### Task to carry out
Return the listing below unchanged, except that the pictures are dropped.

### Data

···

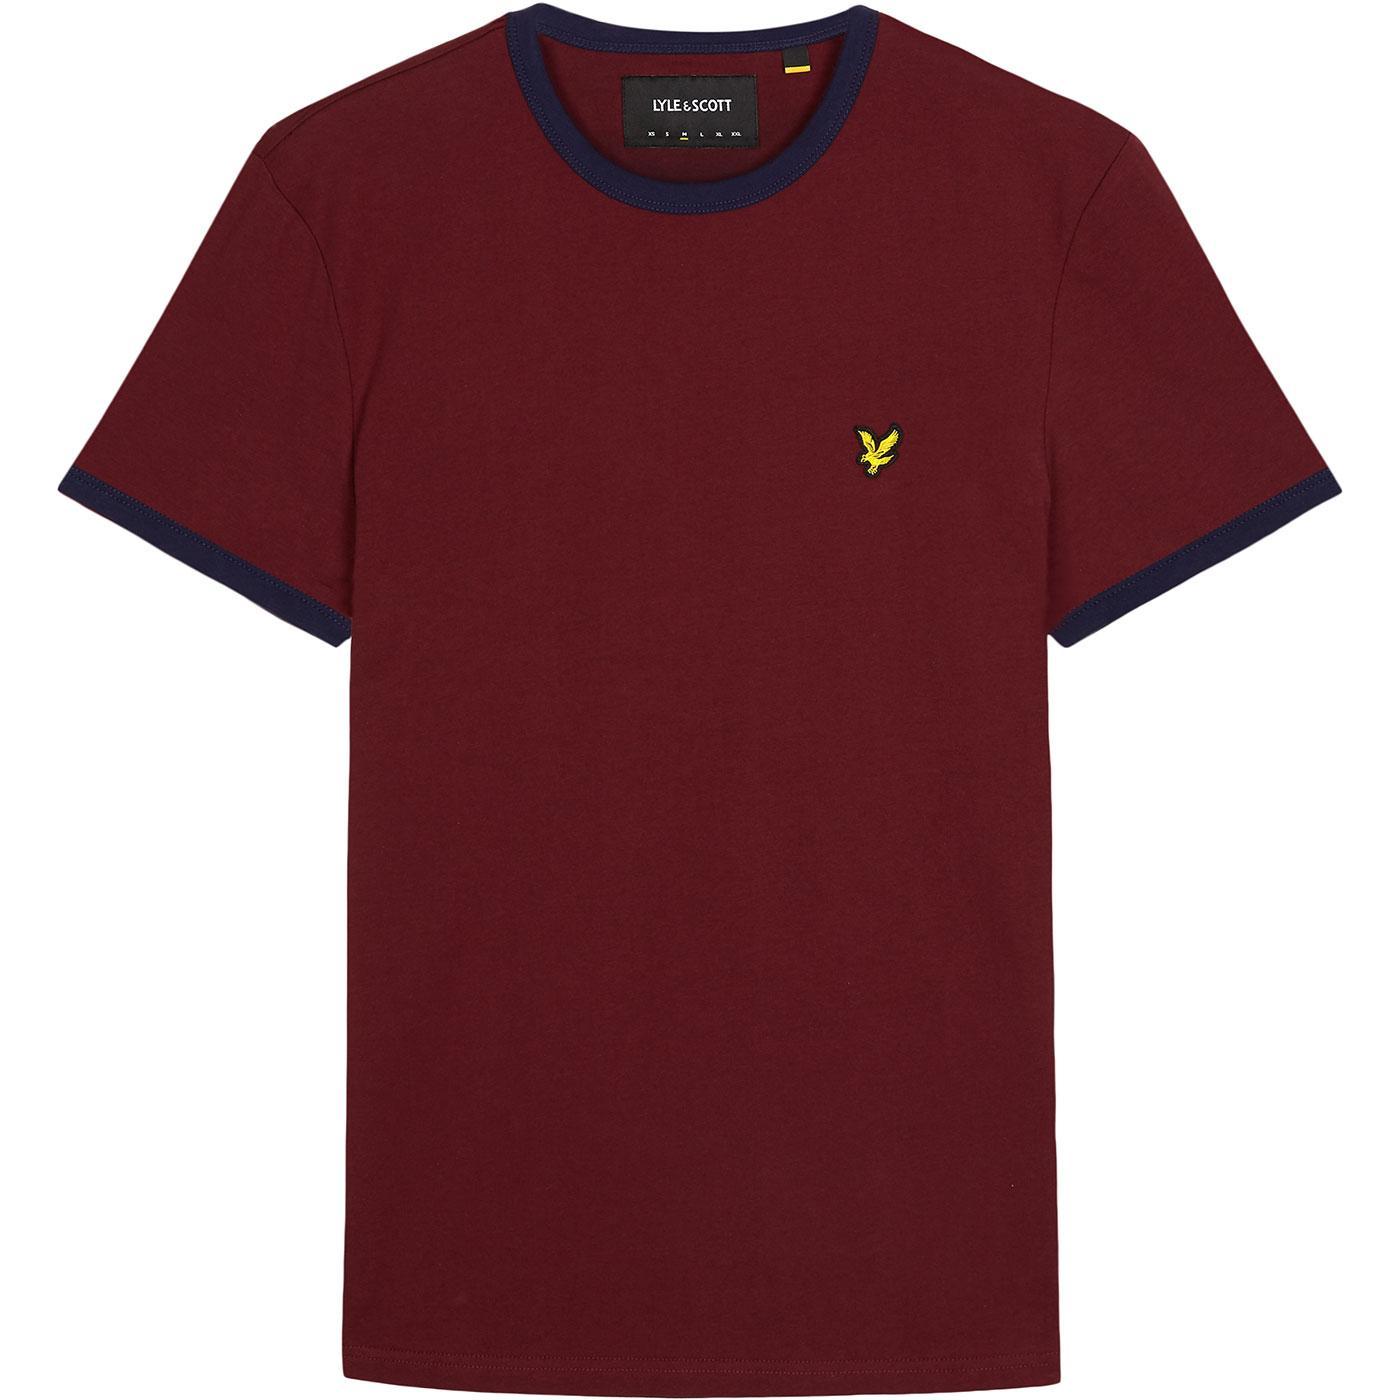 LYLE & SCOTT Retro Ringer T-Shirt (Claret Jug)
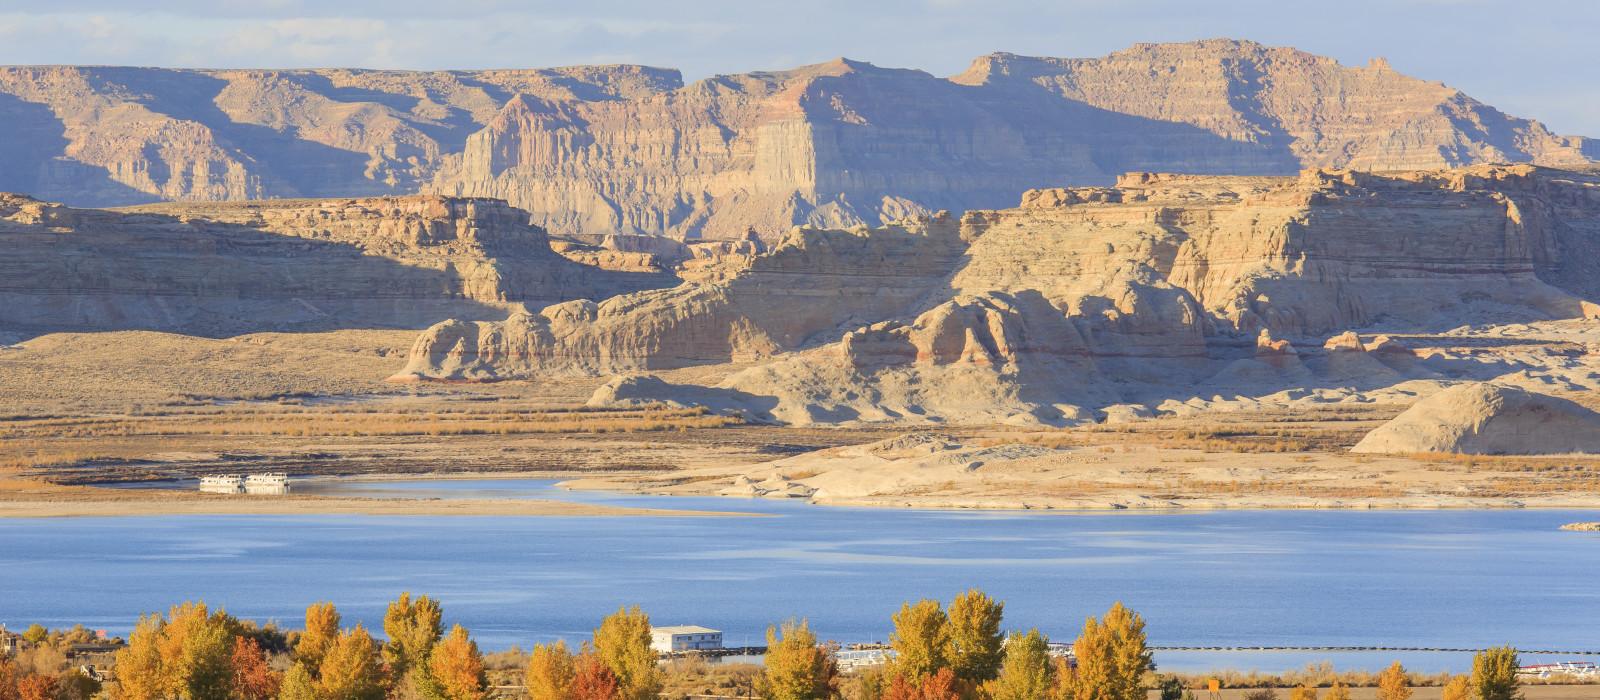 Reiseziel Page, Arizona USA
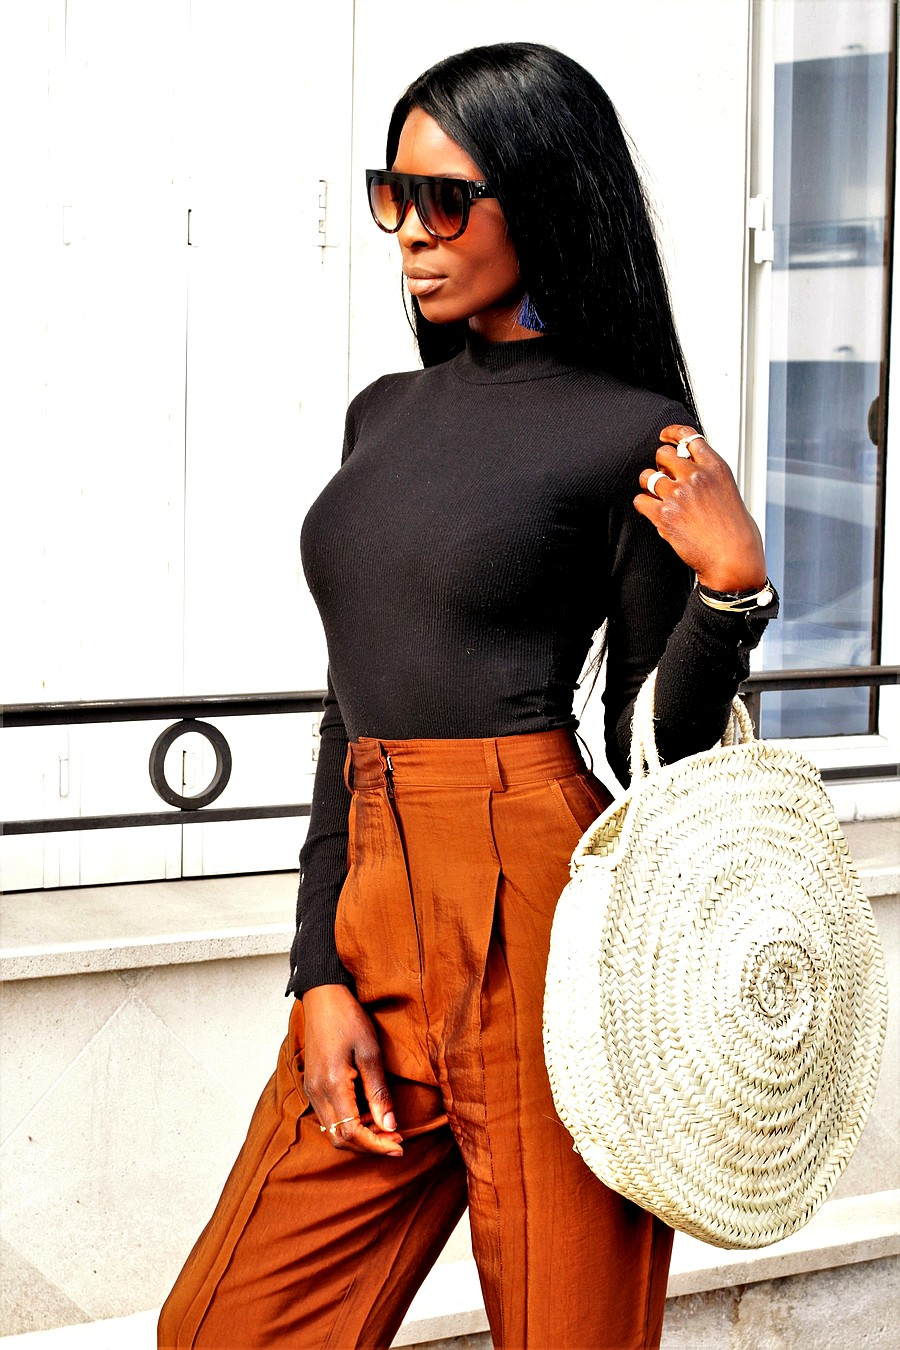 lunettes-celine-kim-kardashian-tendance-panier-rond-paille-pantalon-taille-haute

···

### Output of the task
 LYLE & SCOTT Retro Ringer T-Shirt (Claret Jug)
 Reiseziel Page, Arizona USA
 lunettes-celine-kim-kardashian-tendance-panier-rond-paille-pantalon-taille-haute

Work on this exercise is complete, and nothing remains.